§ **Task details**
The needed output is the run of lines below from the one containing "colchones randor flexibles titanium air flow" through the one containing "seme riso augusto dettaglio grano", copied exactly and free of pictures.

§ **Provided material**
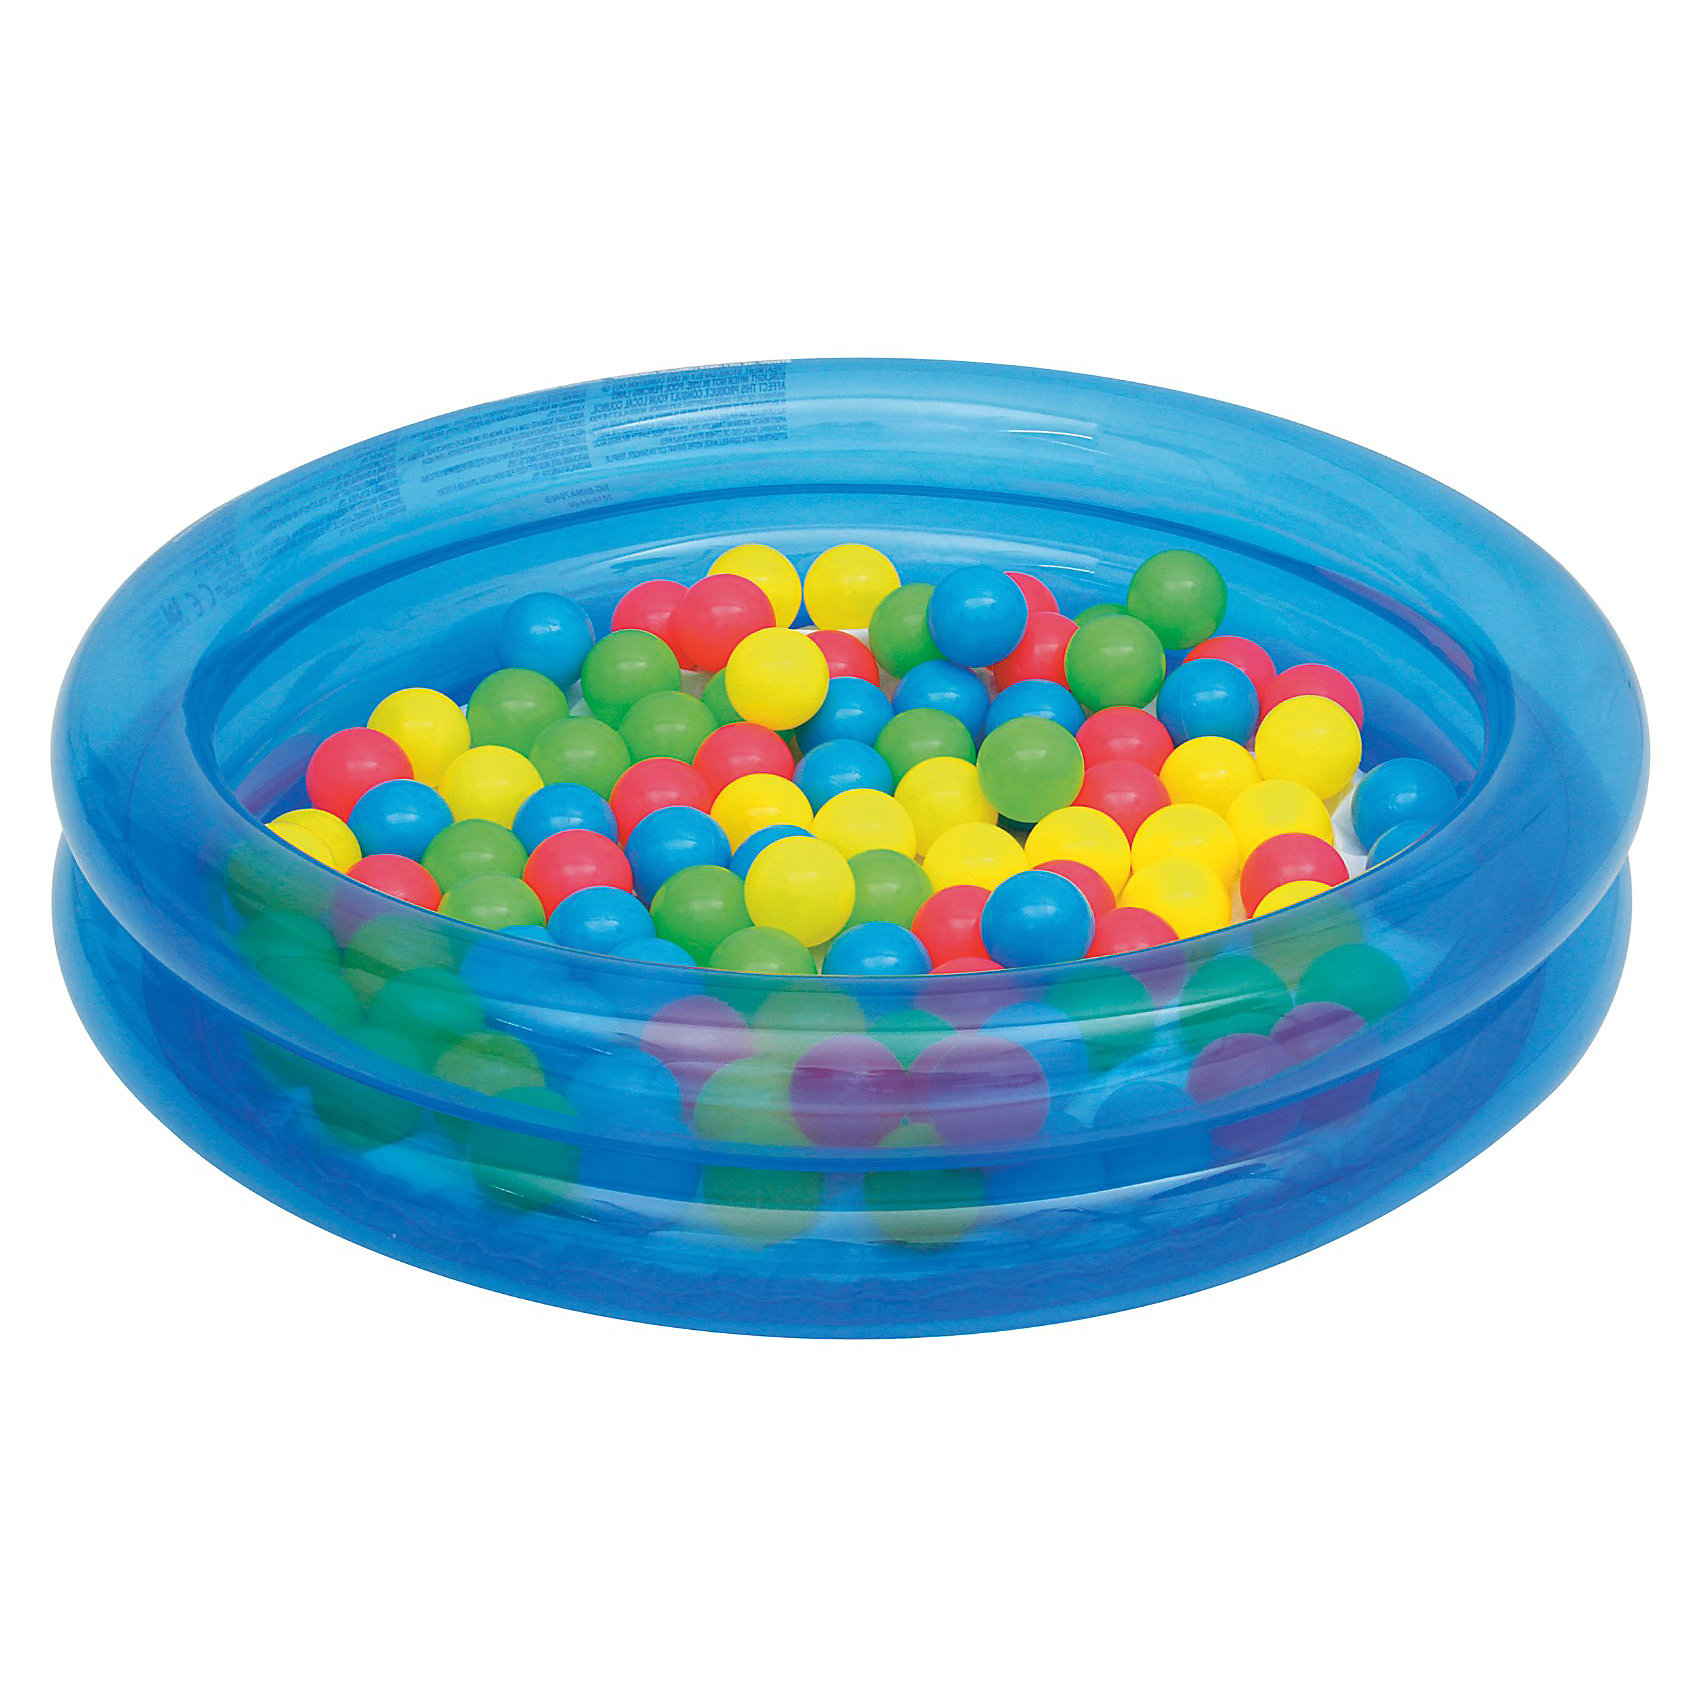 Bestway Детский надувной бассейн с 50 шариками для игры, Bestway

--

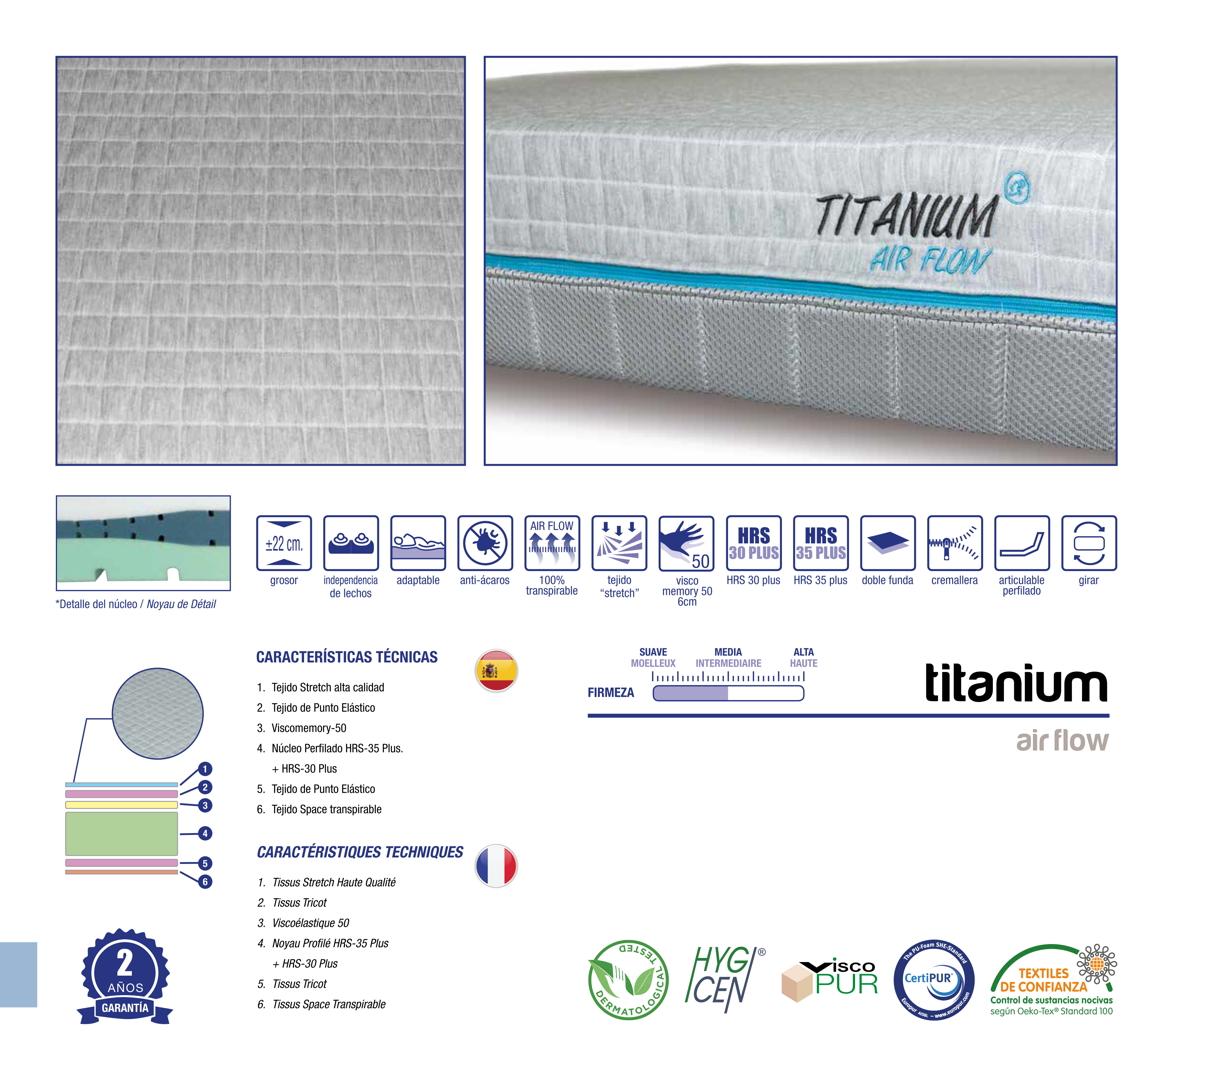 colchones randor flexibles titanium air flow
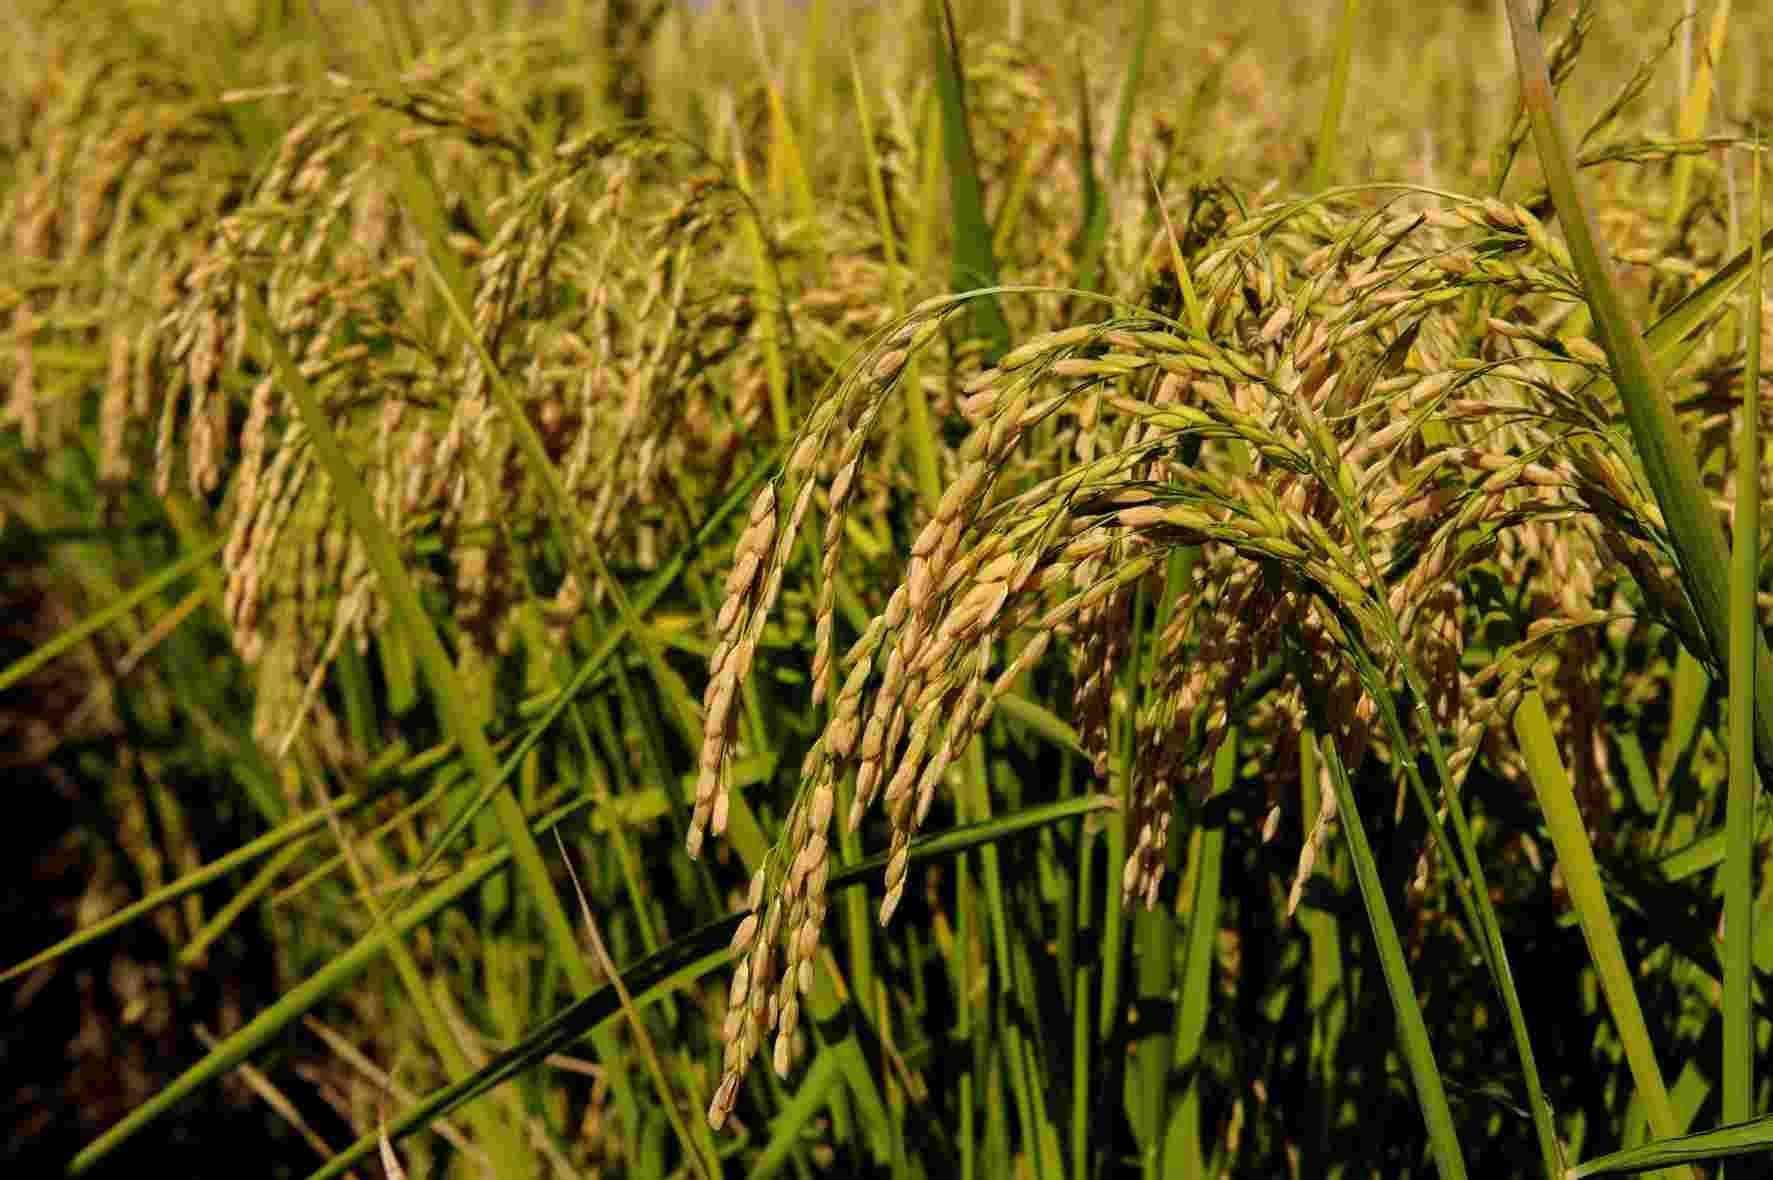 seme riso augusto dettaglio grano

---

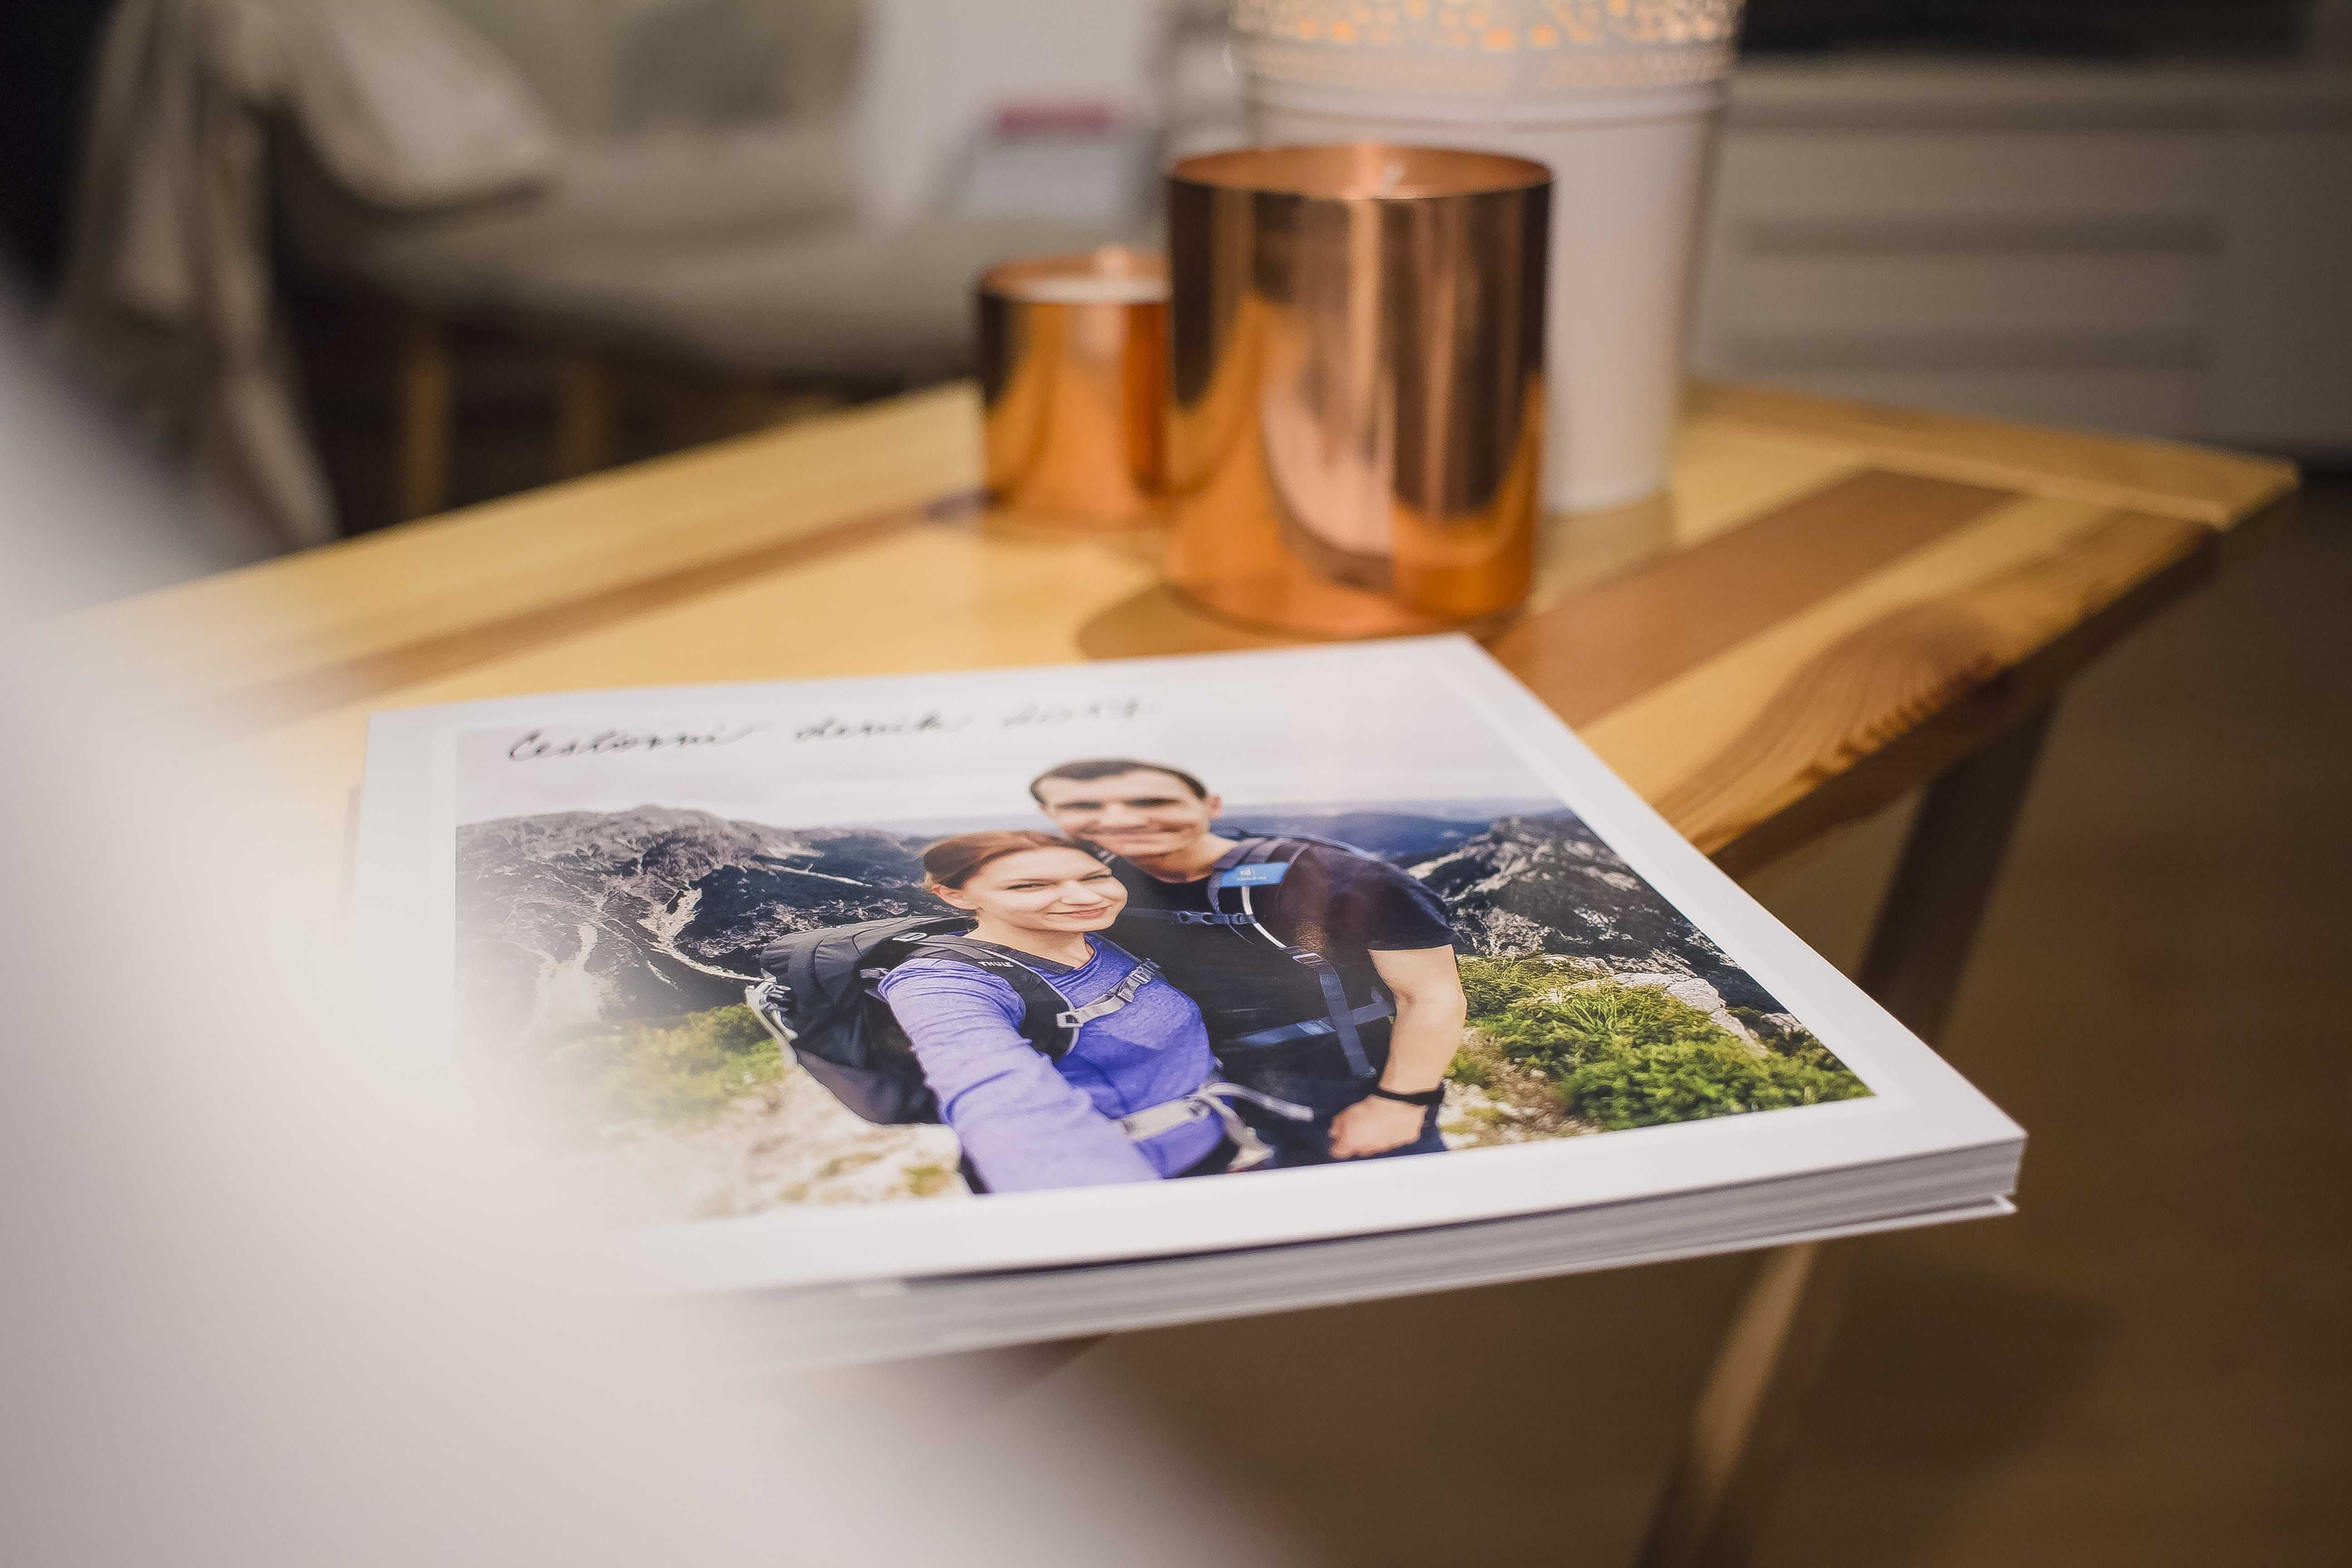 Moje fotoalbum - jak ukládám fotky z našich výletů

§ **Output for this task**
 colchones randor flexibles titanium air flow
 seme riso augusto dettaglio grano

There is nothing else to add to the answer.